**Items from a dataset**
--------------------

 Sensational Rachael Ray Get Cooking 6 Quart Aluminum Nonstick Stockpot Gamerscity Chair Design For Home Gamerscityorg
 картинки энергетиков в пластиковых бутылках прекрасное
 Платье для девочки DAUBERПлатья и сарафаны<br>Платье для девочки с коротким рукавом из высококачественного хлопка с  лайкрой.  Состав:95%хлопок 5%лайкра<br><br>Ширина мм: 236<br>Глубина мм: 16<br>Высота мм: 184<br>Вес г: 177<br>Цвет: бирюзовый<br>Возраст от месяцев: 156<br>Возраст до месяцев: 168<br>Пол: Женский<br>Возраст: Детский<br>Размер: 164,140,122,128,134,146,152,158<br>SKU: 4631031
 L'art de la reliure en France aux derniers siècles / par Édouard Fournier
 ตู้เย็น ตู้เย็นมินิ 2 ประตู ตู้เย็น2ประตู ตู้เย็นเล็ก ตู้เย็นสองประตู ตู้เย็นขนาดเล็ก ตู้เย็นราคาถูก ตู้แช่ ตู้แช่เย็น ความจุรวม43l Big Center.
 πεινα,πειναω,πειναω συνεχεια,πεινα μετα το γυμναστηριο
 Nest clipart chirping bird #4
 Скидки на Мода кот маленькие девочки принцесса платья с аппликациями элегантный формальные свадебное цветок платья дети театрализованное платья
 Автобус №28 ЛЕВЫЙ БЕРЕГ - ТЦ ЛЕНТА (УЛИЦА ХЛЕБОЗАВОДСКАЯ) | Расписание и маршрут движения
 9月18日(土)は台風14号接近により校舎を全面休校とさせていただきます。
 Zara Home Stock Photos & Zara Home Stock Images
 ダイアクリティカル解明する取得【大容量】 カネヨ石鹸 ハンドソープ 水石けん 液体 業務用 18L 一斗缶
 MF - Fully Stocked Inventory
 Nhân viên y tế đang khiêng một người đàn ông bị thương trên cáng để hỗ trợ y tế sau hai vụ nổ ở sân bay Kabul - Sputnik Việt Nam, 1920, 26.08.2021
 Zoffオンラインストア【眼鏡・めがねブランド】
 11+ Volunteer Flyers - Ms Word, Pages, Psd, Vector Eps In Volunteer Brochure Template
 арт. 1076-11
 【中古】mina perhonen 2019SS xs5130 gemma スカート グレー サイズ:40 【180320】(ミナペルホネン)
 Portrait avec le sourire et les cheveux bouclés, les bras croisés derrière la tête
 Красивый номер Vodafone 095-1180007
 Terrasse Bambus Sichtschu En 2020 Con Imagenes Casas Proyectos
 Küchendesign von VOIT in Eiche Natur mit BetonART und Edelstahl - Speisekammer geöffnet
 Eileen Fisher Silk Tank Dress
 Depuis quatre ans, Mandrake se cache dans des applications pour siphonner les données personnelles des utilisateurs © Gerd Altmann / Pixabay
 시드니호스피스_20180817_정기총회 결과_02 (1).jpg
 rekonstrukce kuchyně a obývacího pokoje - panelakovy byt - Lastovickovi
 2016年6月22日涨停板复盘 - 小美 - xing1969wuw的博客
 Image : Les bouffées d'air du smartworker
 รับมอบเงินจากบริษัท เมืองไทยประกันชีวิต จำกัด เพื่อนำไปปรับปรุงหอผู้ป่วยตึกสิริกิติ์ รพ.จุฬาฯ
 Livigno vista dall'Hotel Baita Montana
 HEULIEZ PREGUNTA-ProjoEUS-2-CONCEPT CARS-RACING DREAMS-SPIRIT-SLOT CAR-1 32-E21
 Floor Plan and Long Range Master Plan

--------------------

**What needs to be done**
Extract all of the data above without altering anything.

**Exercise solution**
 Sensational Rachael Ray Get Cooking 6 Quart Aluminum Nonstick Stockpot Gamerscity Chair Design For Home Gamerscityorg
 картинки энергетиков в пластиковых бутылках прекрасное
 Платье для девочки DAUBERПлатья и сарафаны<br>Платье для девочки с коротким рукавом из высококачественного хлопка с  лайкрой.  Состав:95%хлопок 5%лайкра<br><br>Ширина мм: 236<br>Глубина мм: 16<br>Высота мм: 184<br>Вес г: 177<br>Цвет: бирюзовый<br>Возраст от месяцев: 156<br>Возраст до месяцев: 168<br>Пол: Женский<br>Возраст: Детский<br>Размер: 164,140,122,128,134,146,152,158<br>SKU: 4631031
 L'art de la reliure en France aux derniers siècles / par Édouard Fournier
 ตู้เย็น ตู้เย็นมินิ 2 ประตู ตู้เย็น2ประตู ตู้เย็นเล็ก ตู้เย็นสองประตู ตู้เย็นขนาดเล็ก ตู้เย็นราคาถูก ตู้แช่ ตู้แช่เย็น ความจุรวม43l Big Center.
 πεινα,πειναω,πειναω συνεχεια,πεινα μετα το γυμναστηριο
 Nest clipart chirping bird #4
 Скидки на Мода кот маленькие девочки принцесса платья с аппликациями элегантный формальные свадебное цветок платья дети театрализованное платья
 Автобус №28 ЛЕВЫЙ БЕРЕГ - ТЦ ЛЕНТА (УЛИЦА ХЛЕБОЗАВОДСКАЯ) | Расписание и маршрут движения
 9月18日(土)は台風14号接近により校舎を全面休校とさせていただきます。
 Zara Home Stock Photos & Zara Home Stock Images
 ダイアクリティカル解明する取得【大容量】 カネヨ石鹸 ハンドソープ 水石けん 液体 業務用 18L 一斗缶
 MF - Fully Stocked Inventory
 Nhân viên y tế đang khiêng một người đàn ông bị thương trên cáng để hỗ trợ y tế sau hai vụ nổ ở sân bay Kabul - Sputnik Việt Nam, 1920, 26.08.2021
 Zoffオンラインストア【眼鏡・めがねブランド】
 11+ Volunteer Flyers - Ms Word, Pages, Psd, Vector Eps In Volunteer Brochure Template
 арт. 1076-11
 【中古】mina perhonen 2019SS xs5130 gemma スカート グレー サイズ:40 【180320】(ミナペルホネン)
 Portrait avec le sourire et les cheveux bouclés, les bras croisés derrière la tête
 Красивый номер Vodafone 095-1180007
 Terrasse Bambus Sichtschu En 2020 Con Imagenes Casas Proyectos
 Küchendesign von VOIT in Eiche Natur mit BetonART und Edelstahl - Speisekammer geöffnet
 Eileen Fisher Silk Tank Dress
 Depuis quatre ans, Mandrake se cache dans des applications pour siphonner les données personnelles des utilisateurs © Gerd Altmann / Pixabay
 시드니호스피스_20180817_정기총회 결과_02 (1).jpg
 rekonstrukce kuchyně a obývacího pokoje - panelakovy byt - Lastovickovi
 2016年6月22日涨停板复盘 - 小美 - xing1969wuw的博客
 Image : Les bouffées d'air du smartworker
 รับมอบเงินจากบริษัท เมืองไทยประกันชีวิต จำกัด เพื่อนำไปปรับปรุงหอผู้ป่วยตึกสิริกิติ์ รพ.จุฬาฯ
 Livigno vista dall'Hotel Baita Montana
 HEULIEZ PREGUNTA-ProjoEUS-2-CONCEPT CARS-RACING DREAMS-SPIRIT-SLOT CAR-1 32-E21
 Floor Plan and Long Range Master Plan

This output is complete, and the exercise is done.